By the way, you probably won't hear much of this in Sunday School.
But, I digress...again.
The rest of the ride was fairly uneventful, allowing me to ponder such issues as "if Colorado was flattened out, would it be bigger than Texas?" and "what if all the bloggers agreed that on 9/11/03, we'd post just one thing -- in memory of -- and then let the blogosphere go silent for a few hours?"
As I got to roughly the same point where it rained on me on the way out, I saw something wriggling across the road. It was obviously a little snake, but what kind? I pulled up next to it and realized immediately that it was a rattler...a little teenie one, probably less than a foot in length, although I didn't stretch it out and measure. He (she? That's another thing I didn't inspect for. We'll go with "he," just for discussion purposes.) had one little button on his tail, kinda cute in a viperous sort of way.
Snake sightings aren't exactly rare out here, but it is pretty unusual to spot a rattlesnake up close and personal. I rolled my bike around so that the front wheel blocked his path, and he coiled up in that clichéd menacing pose, his little button tail whirring silently (what's another word for "whirring" that doesn't imply sound?). But he didn't strike, deciding instead to check out the strange intruder.
Rattlesnakes, as you all know, are pit vipers, meaning that they use heat-sensors in their head to detect and recognize prey. I'm guessing that the friction of rubber against road had heated my front tire sufficiently to make it worth his investigation, but he flicked his tiny little forked tongue against the wheel and quickly decided that nothing else supported an eat-or-be-eaten reaction. "Gee," I'm sure he was thinking, "I'd love to tell my brothers and sisters about this strange encounter...too bad mama ate 'em all." (That's an occupational hazard of being of the snakely persuasion.) And then, "Gee, that cloud came up in a hurry..." as my cleated cycling shoe came down on his head, sending him to join his devil brother in a demon grit feast.

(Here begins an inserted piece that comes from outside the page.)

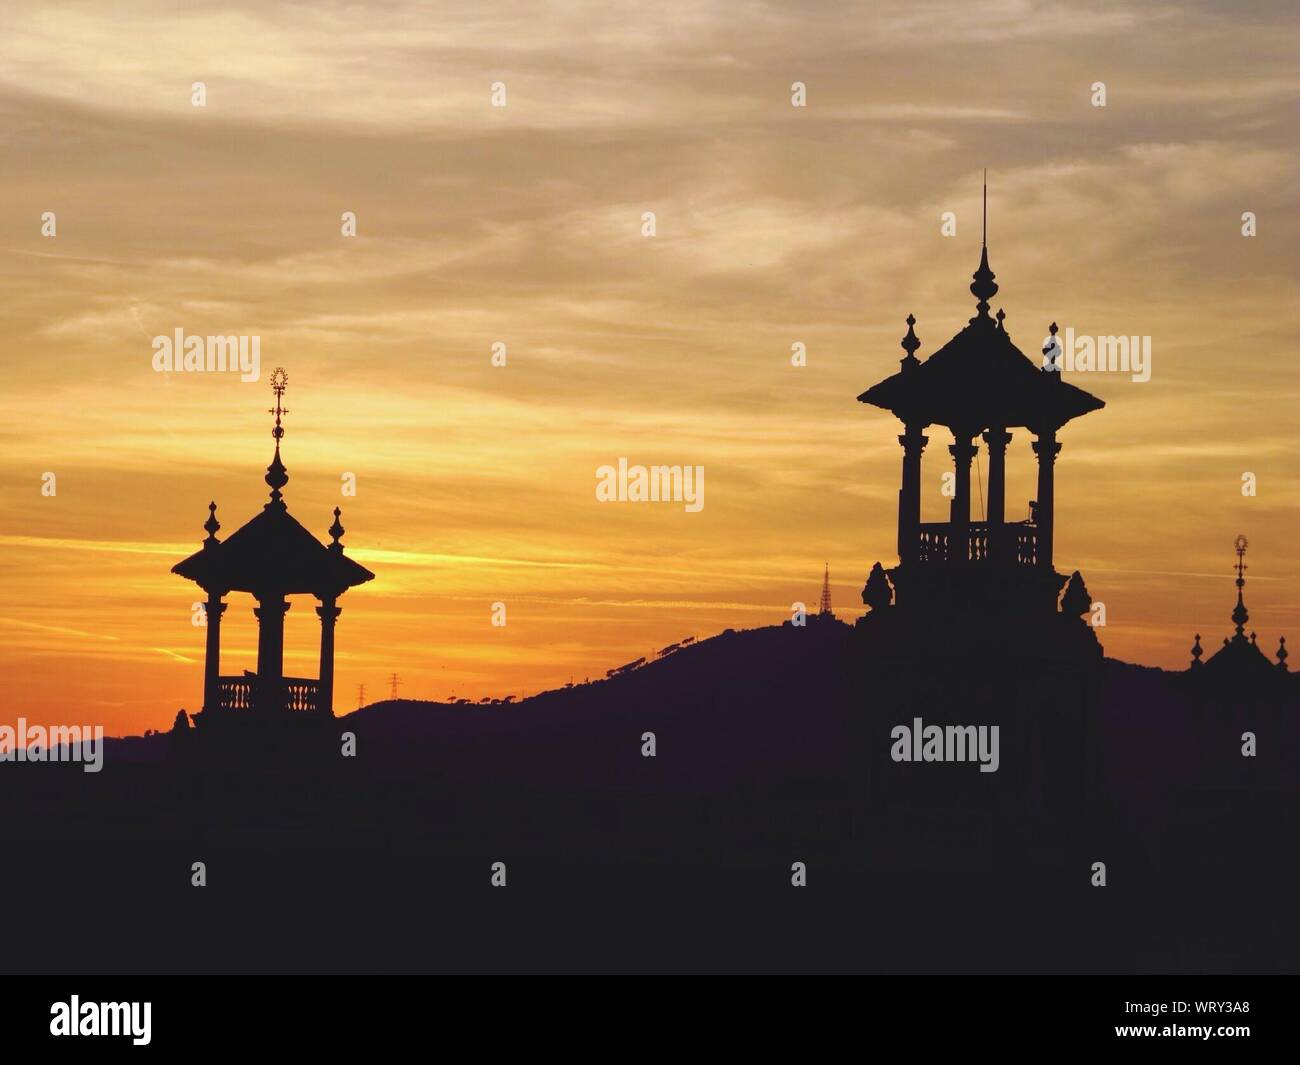 Silhouette Traditional Architectures Against Cloudy Sky During Sunset Stock Photo

Gotcha! I would never do that. Snakes are good for keeping the rat and other varmint population under control. I've never been repulsed or frightened by them, and killing them is something I just can't get behind (spiders are another story entirely, however). So I watched him wriggle slowly into the bar ditch, in search of more interesting prey than a bicycle tire.
So, to recap. To the disinterested observer, this was just another routine ride through the semi-arid West Texas landscape...but the details paint a much, much richer picture. Some say the devil in the details (he's in this post a lot, isn't he?), but I say it's God revealing His hand, if we'll just pay attention.